The Court of Appeal decision

AWA appealed the High Court decision to the Court of Appeal, which reversed the decision (Aotearoa Water Action Inc. v Canterbury Regional Council [2022] NZCA 325). While the Court did agree that ‘take’ and ‘use’ should be interpreted separately in the Resource Management Act 1991 (RMA), the question ultimately depended on the wording of the relevant rule in the Cantebury Land and Water Regional Plan (CLWRP). There, the CLWRP made specific distinguishment between ‘take or use’ and ‘take and use’ of water. CLWRP rule 5.128, the relevant provision, uses the latter wording, resulting in ‘take’ and ‘use’ being interpreted together. As ECan had not considered the authorisation to take water as well as use, the consents were held not to have been legally granted. Rapaki and Cloud Ocean can now only take and use water according to the original purpose consents were granted.

Implications for consent applications

The decision has implications for the way ECan processes resource consents where the applicable rule is for “take and use” of water, particularly in over-allocated catchments. In those circumstances both the take and use must be considered together, and as there is no further allocation to take water available, the activity is prohibited.
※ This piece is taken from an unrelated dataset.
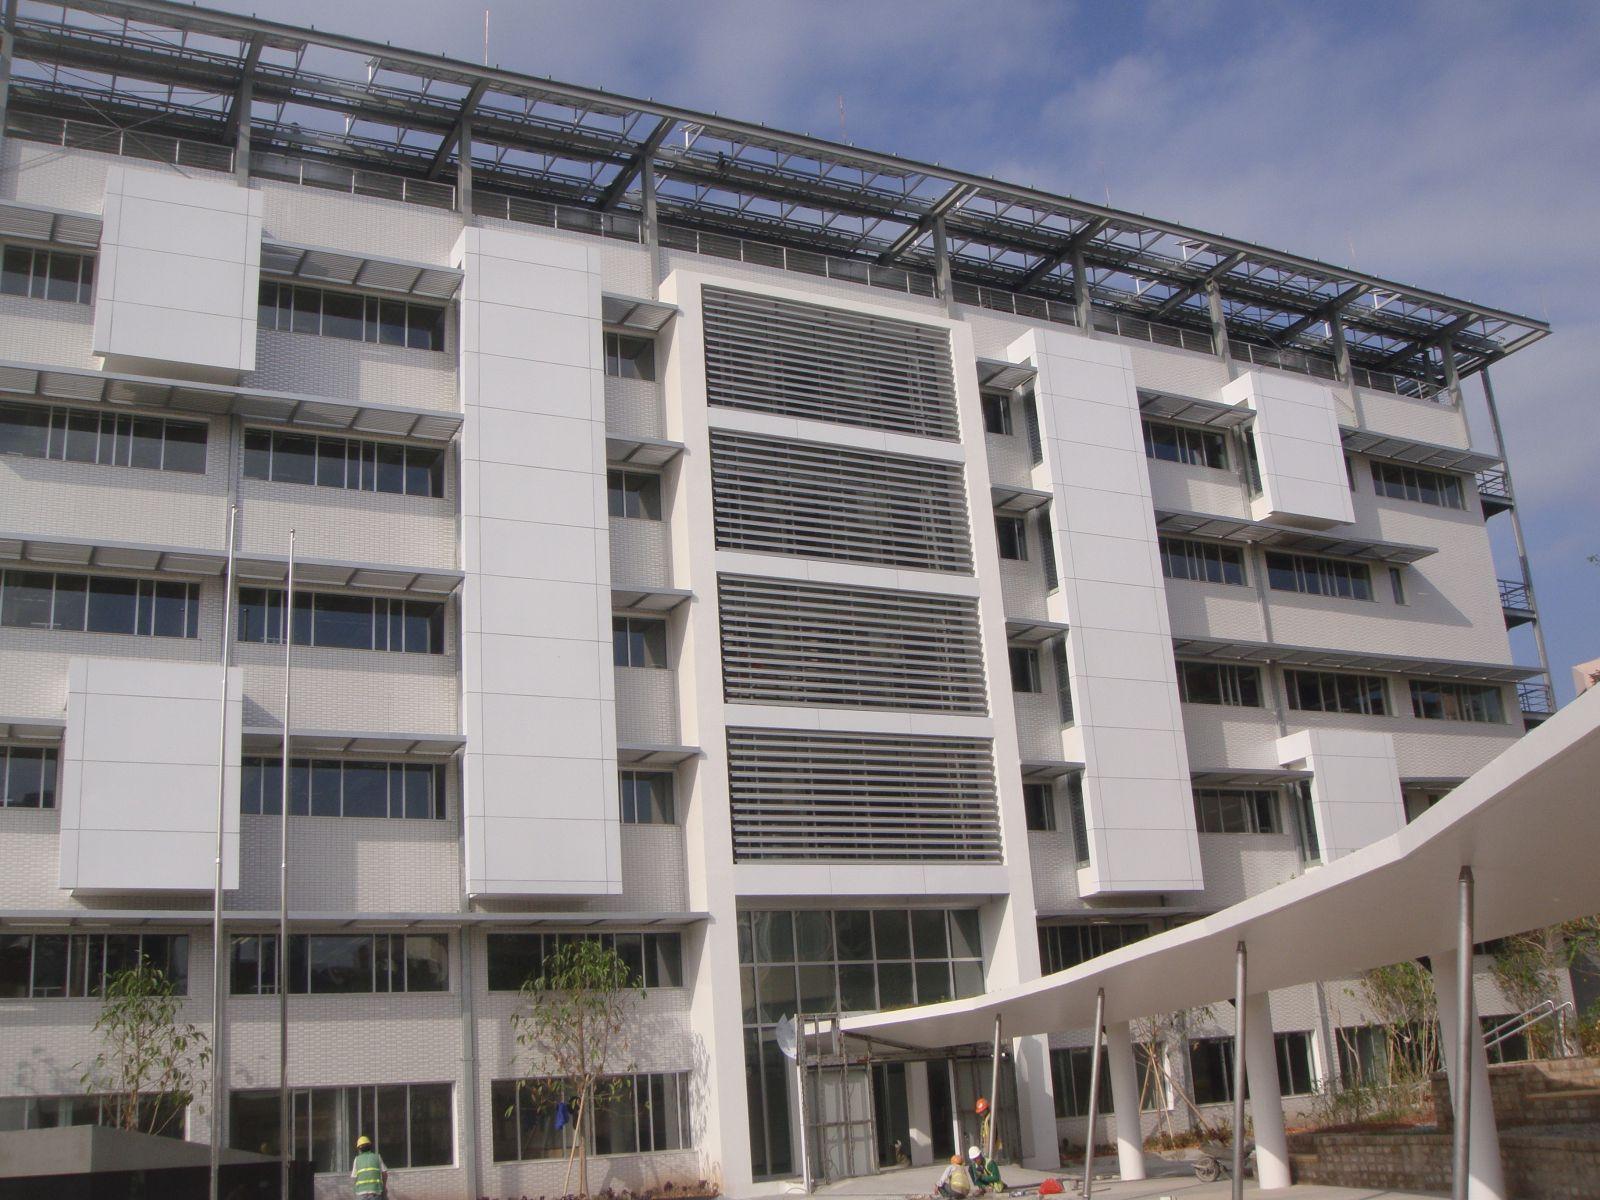 Tòa nhà xanh chung liên hợp quốc

This change in application of the rules is having a significant impact on activities that intercept groundwater, including development of stormwater management areas and dewatering activities. However, depending on the drafting of the rule applying to the application site, also has potential implications for:

  • Site to site transfers of water, where there is a change in use; and
  • Applications for a new, additional or expanded ‘use’ within an existing ‘take’ allocation, for example, increasing the irrigation area, or adding a new use such as dust suppression or use in on-site processing activities.

What now?

The Supreme Court has granted Rapaki and Cloud Ocean leave to appeal the Court of Appeal decision. A hearing has been set for the week of 20 March 2023, with a decision expected later in the year. Until then, ECan will process new consents in line with the Court of Appeal’s decision.


Want to know more?

If you have any questions, please contact our specialist Resource Management team.

PDF version: here.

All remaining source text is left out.